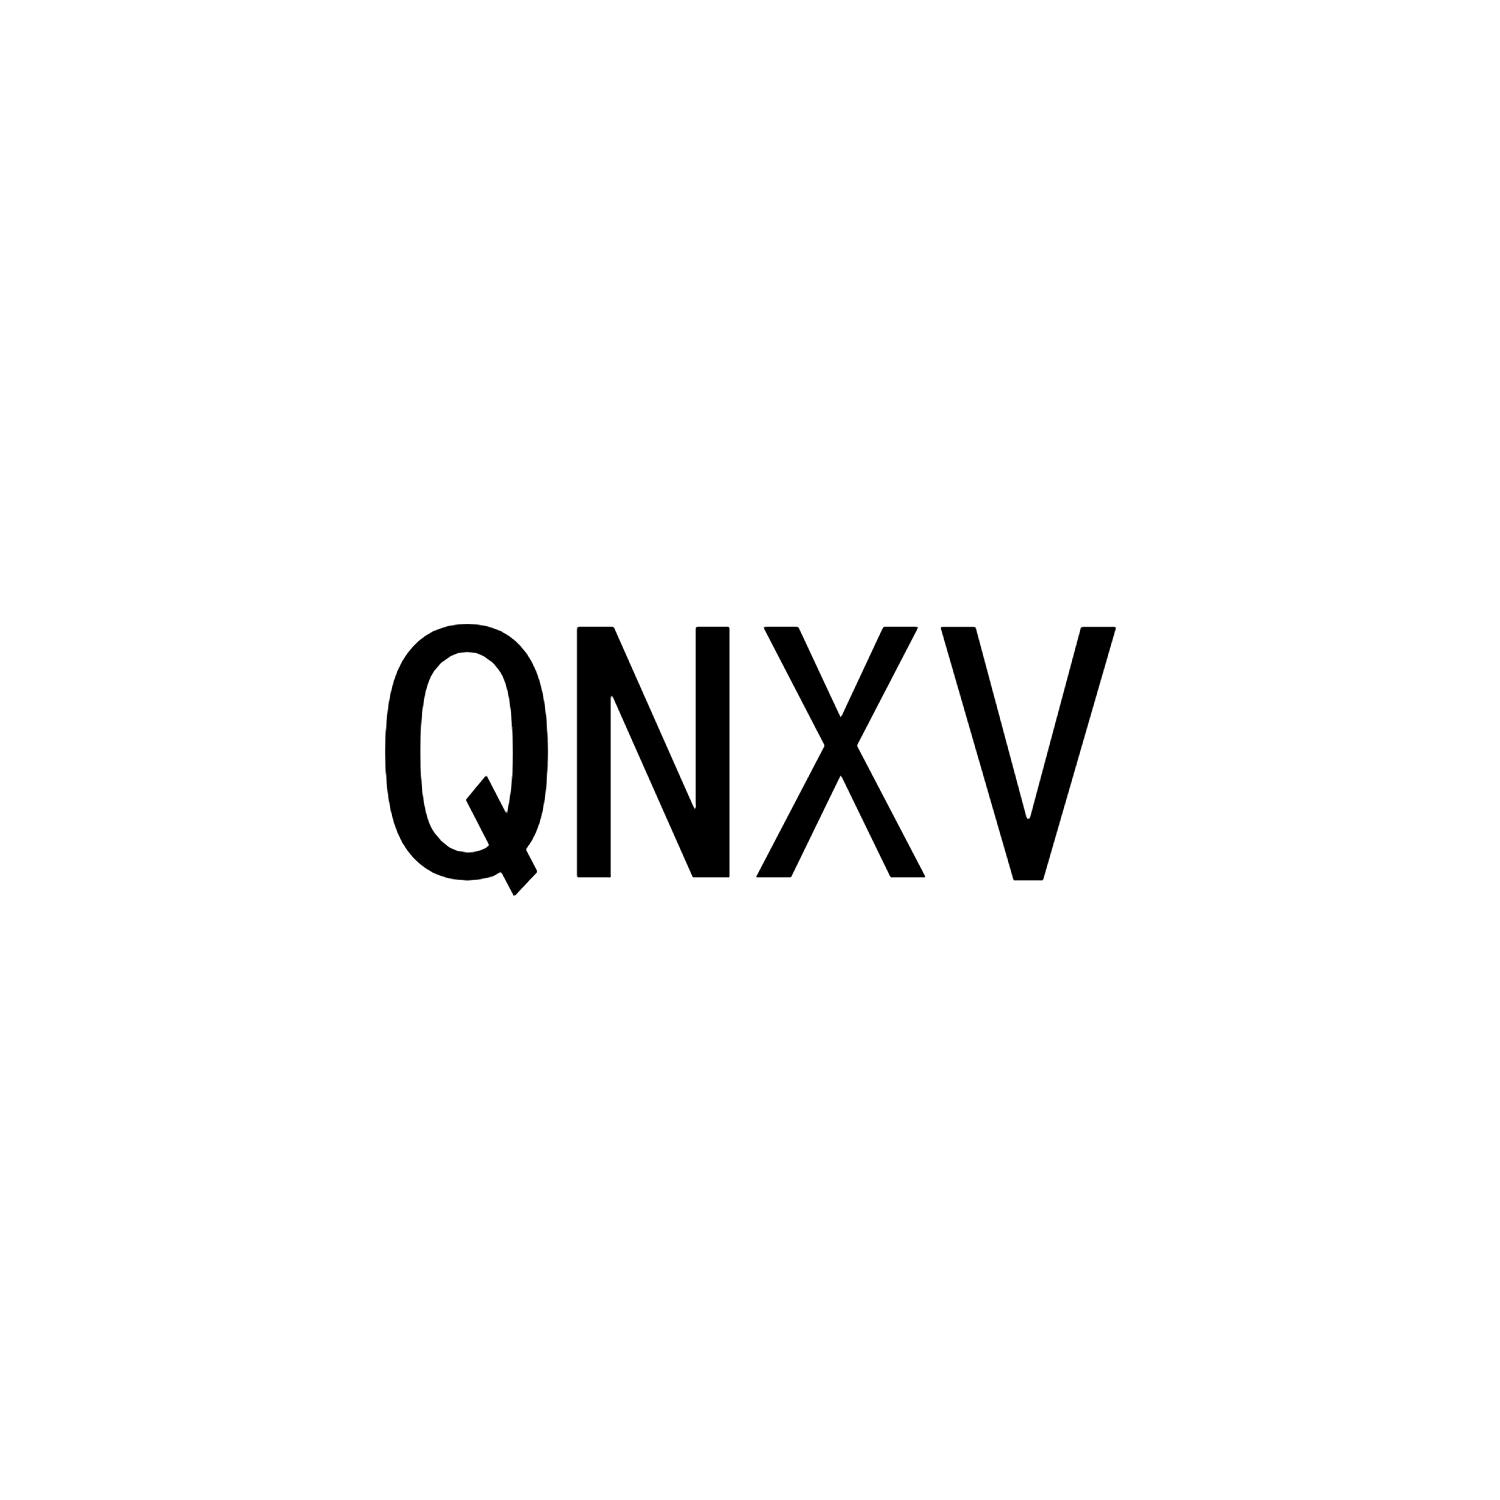 QNXV
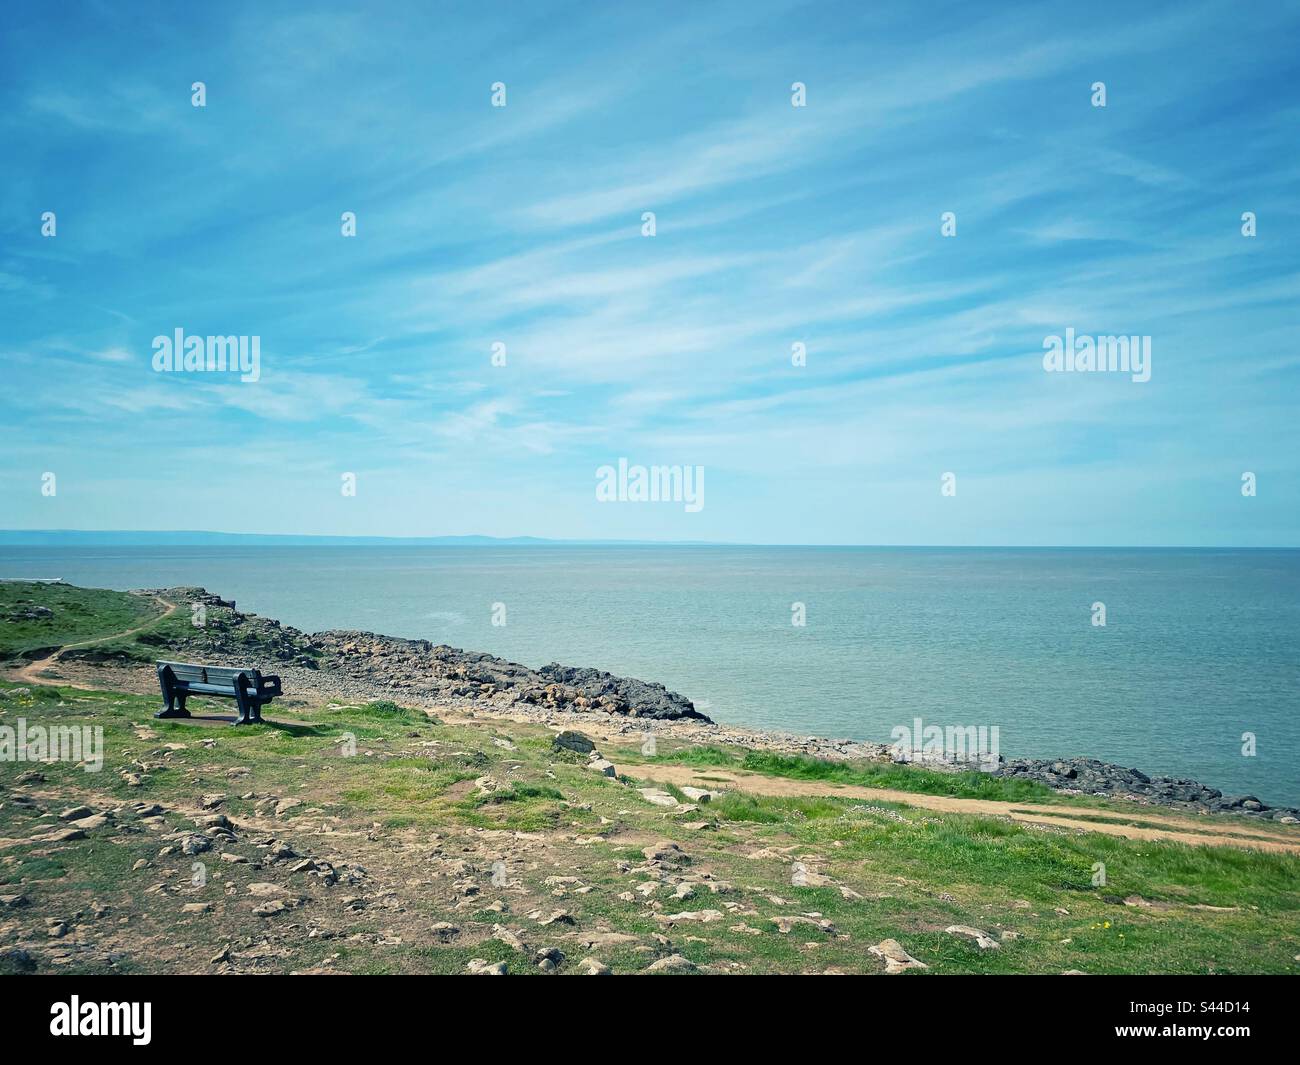 Una fotografia di una panchina su una scogliera costiera che si affaccia sull'oceano Foto Stock
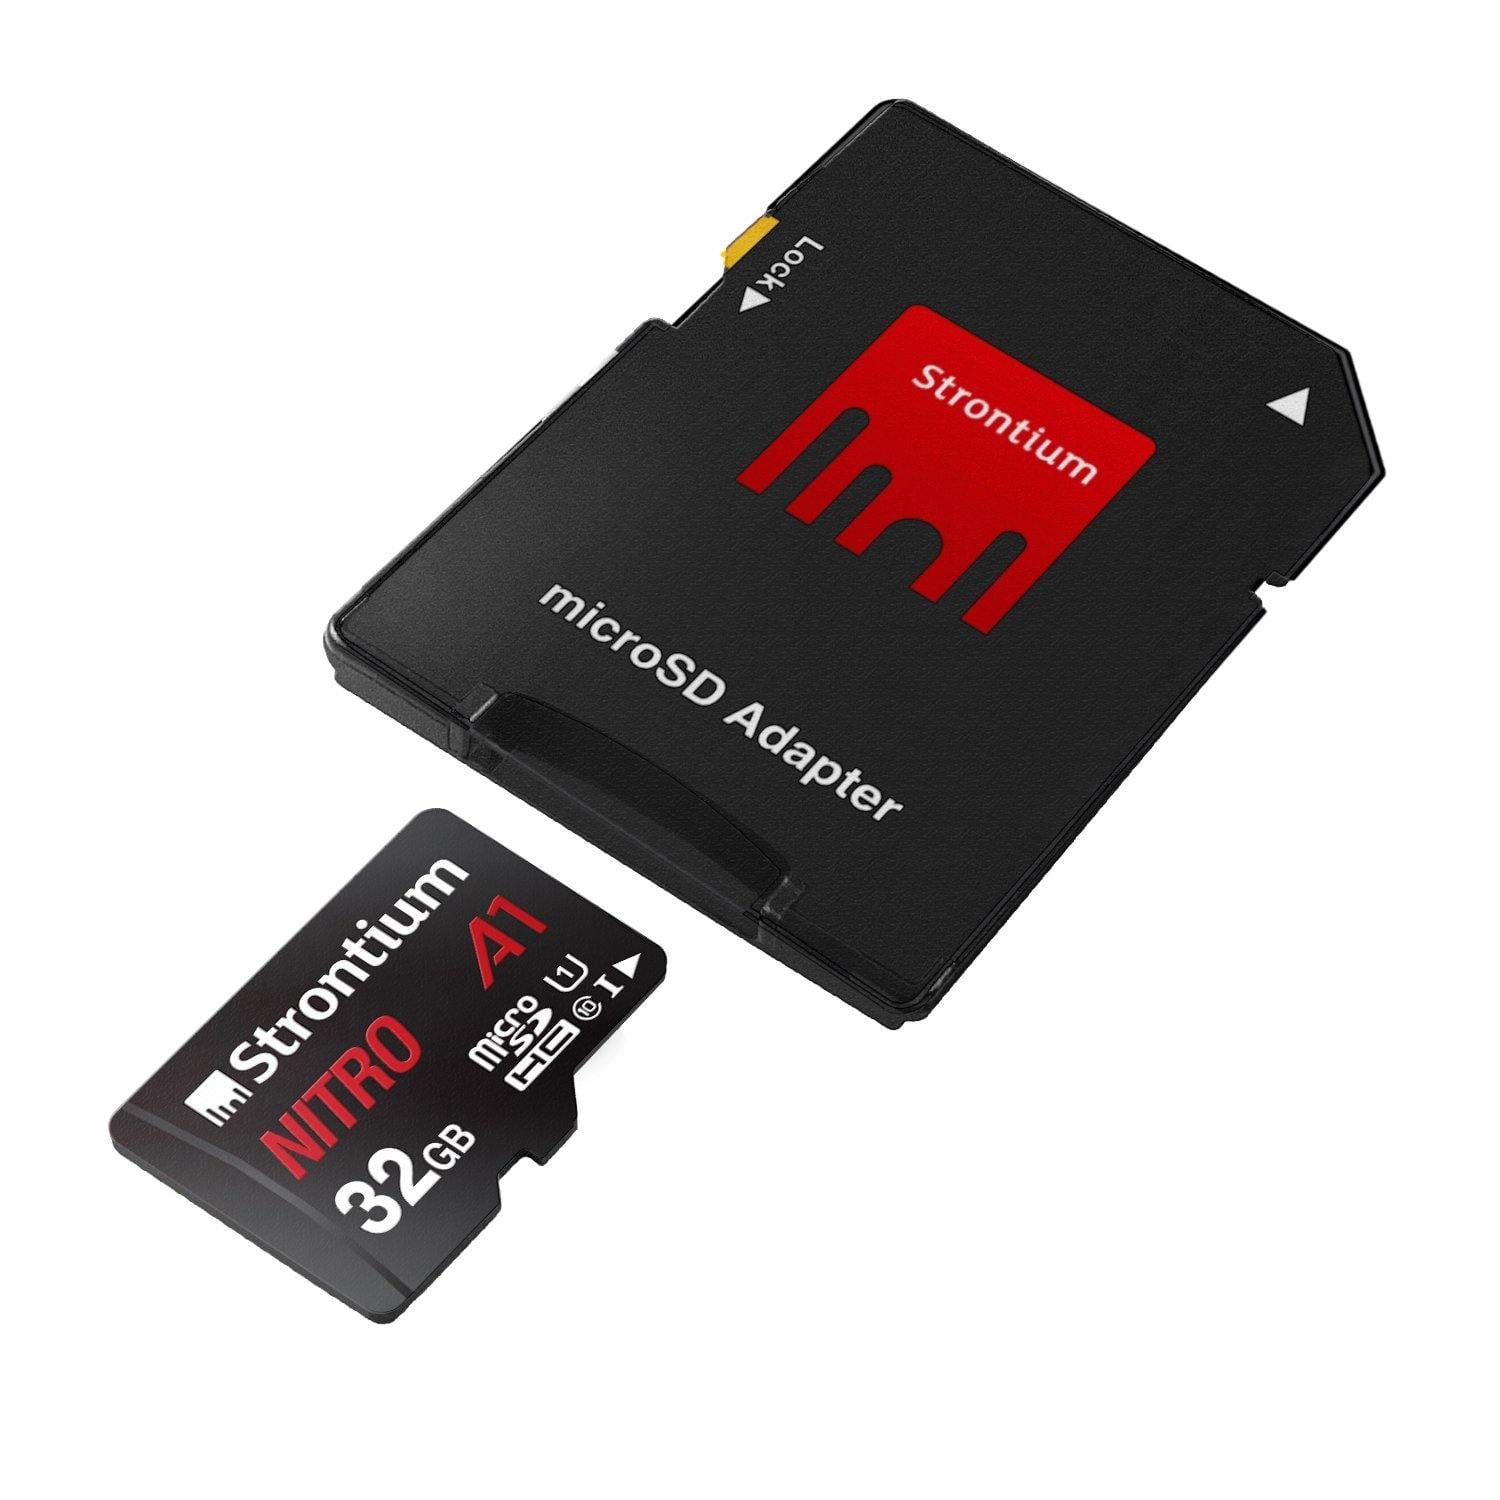 Strontium Nitro A1 32GB Micro SDHC Memory Card 100MB/s A1 UHS-I U1 Class 10-Memory Cards-dealsplant

> EXERCISE DETAILS:
The copy must reproduce the listing above verbatim and contain no pictures.

> WORKED SOLUTION:
 QNXV
 Una fotografia di una panchina su una scogliera costiera che si affaccia sull'oceano Foto Stock
 Strontium Nitro A1 32GB Micro SDHC Memory Card 100MB/s A1 UHS-I U1 Class 10-Memory Cards-dealsplant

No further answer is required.